老後の暮らしを考えたとき、終活は始まる

「終活」という言葉が、流行語大賞のトップテンのひとつに選ばれたのは、昨年2012年のことでした。 つまり比較的新しい言葉ですが、最近ではニュースなどで終活の話題をよく見かけるようになりましたね。 よく見かけるとはいっても、その内容は主に、「散骨葬などが注目されてきている」「イベントでの入棺体験」「エンディングノート」などが多いのではないでしょうか。

もちろん、そうした話題も終活のひとつですが、「人生の終焉期」とばかり考えていると、「終活」のスタートをきるタイミングは、ますます遅くなってしまいます。 現実に、ライフプランラボへご相談にお越しになる人で、70歳前後の人の場合でも、「終活」や「エンディングノート」の話題になると、「まだまだ私なんて早いです」とおっしゃる方も多いのが現実です。

私はいつも、「終活はライフプランの締めくくりですよ」とお話しをしています。 それは、「終活」がひとつの独立したテーマではなく、ライフプランの延長線上にある共通したテーマだと考えているからです。

 

ライフイベントに予算を

例えば、老後の暮らしの土台となる「住まい」です。 住宅ローンも終わり、長く快適に住むためには、修繕やリフォームが必要な場合も多いですね。 また便利な都市圏のマンションに住み替えるケースもよく見かけるようになりました。 その際に、将来の看護や介護を考えることも多くなっています。 看護や介護を考えるときには、誰が介護の中心的役割を担うのかということも検討材料になってきます。

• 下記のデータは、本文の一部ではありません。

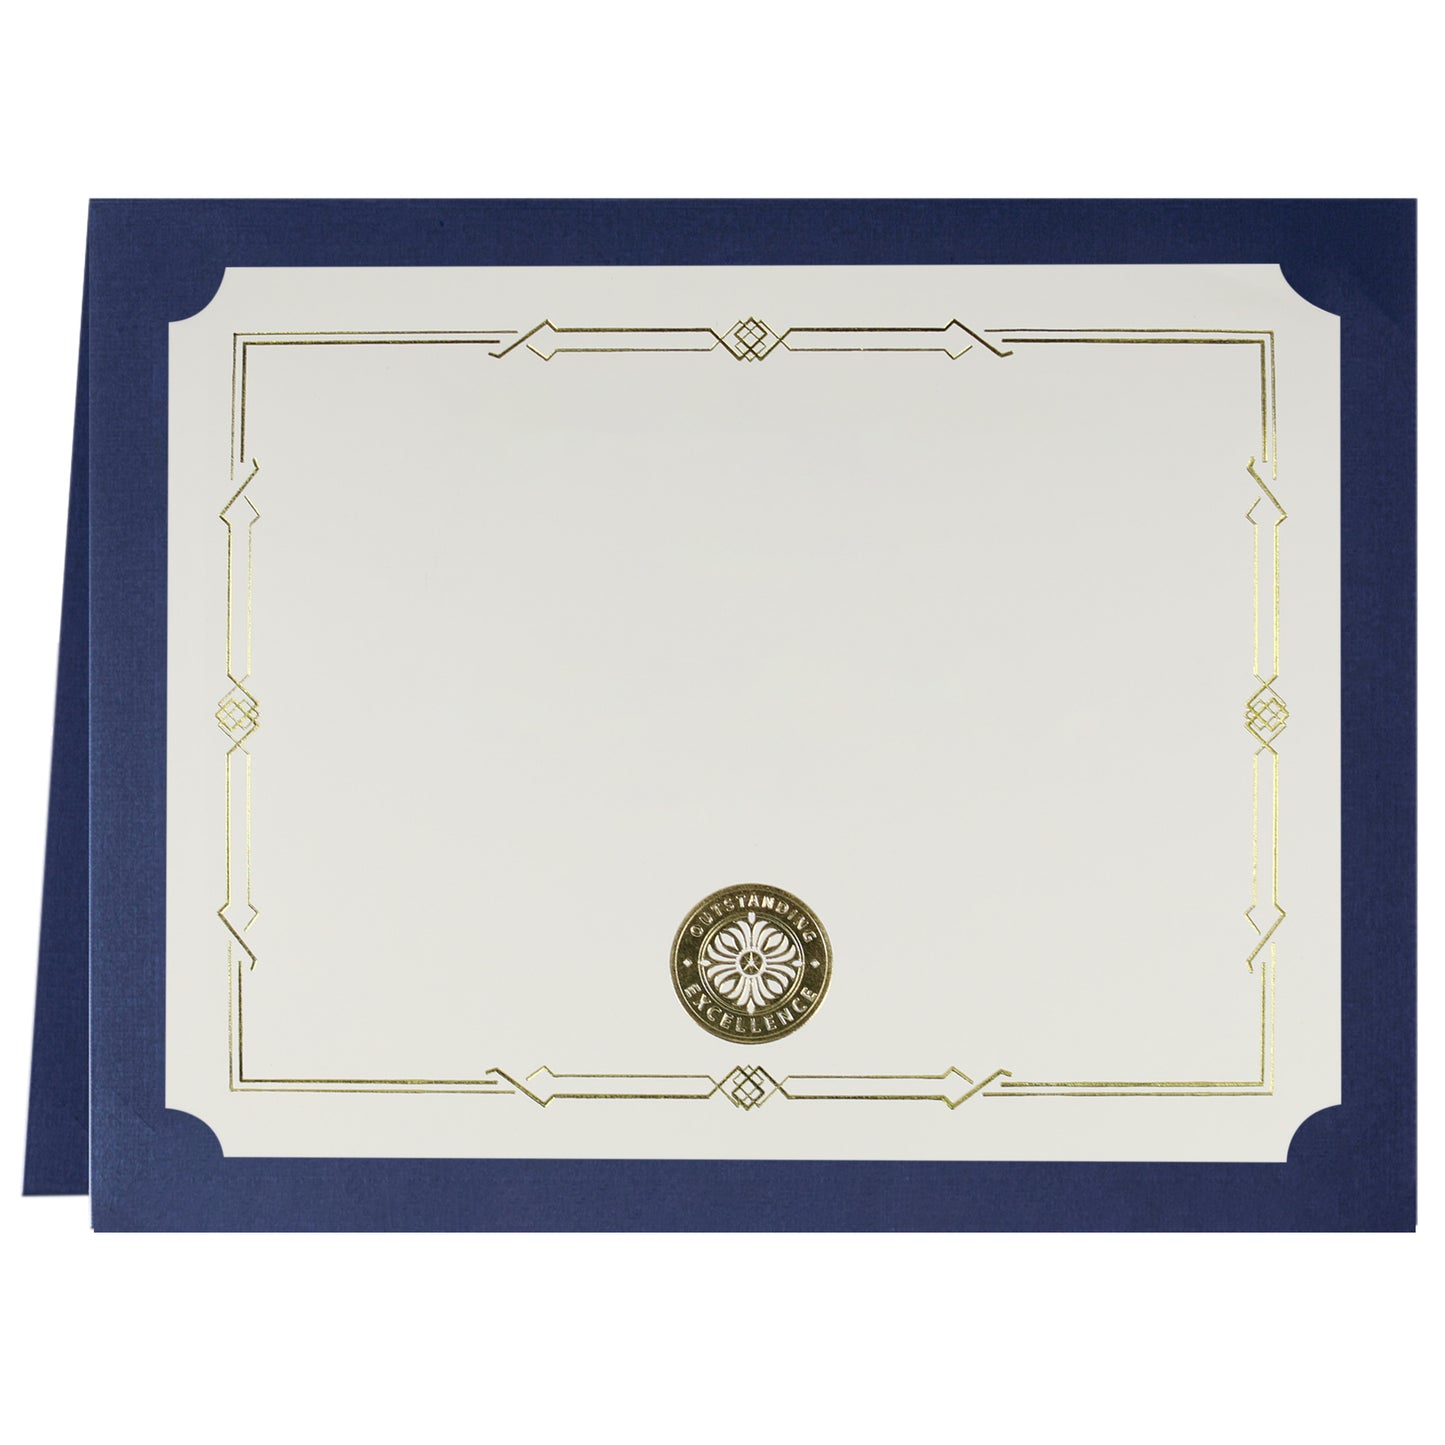 St. James® Porte-certificats/Couvertures de documents/Porte-diplômes, Bleu marine, Bordure en feuille d'or, Finition lin, Paquet de 5, 83803

もちろん、現実には看護・介護の多くは家族の誰かに負担が偏る傾向はありますし、本人たちの意向だけで決められるものばかりでもありません。 しかし、将来を考えたときに、どんな暮らしを希望するのかというとき、看護や介護まで共通したテーマとして考える時代になっていることは間違いありません。

超高齢化が当たり前の時代になり、高齢者を対象としたサービスもまだまだ増えていくでしょう。 選択肢がたくさんあり、希望する老後のライフスタイルが増えても、家計の裏付けを伴わないようでは現実的なものとはいえません。 たくさんある選択肢だからこそ、本当に希望する老後のライフスタイルを実現させたいですよね。 そのための準備は早いほうが、できることがたくさんあります。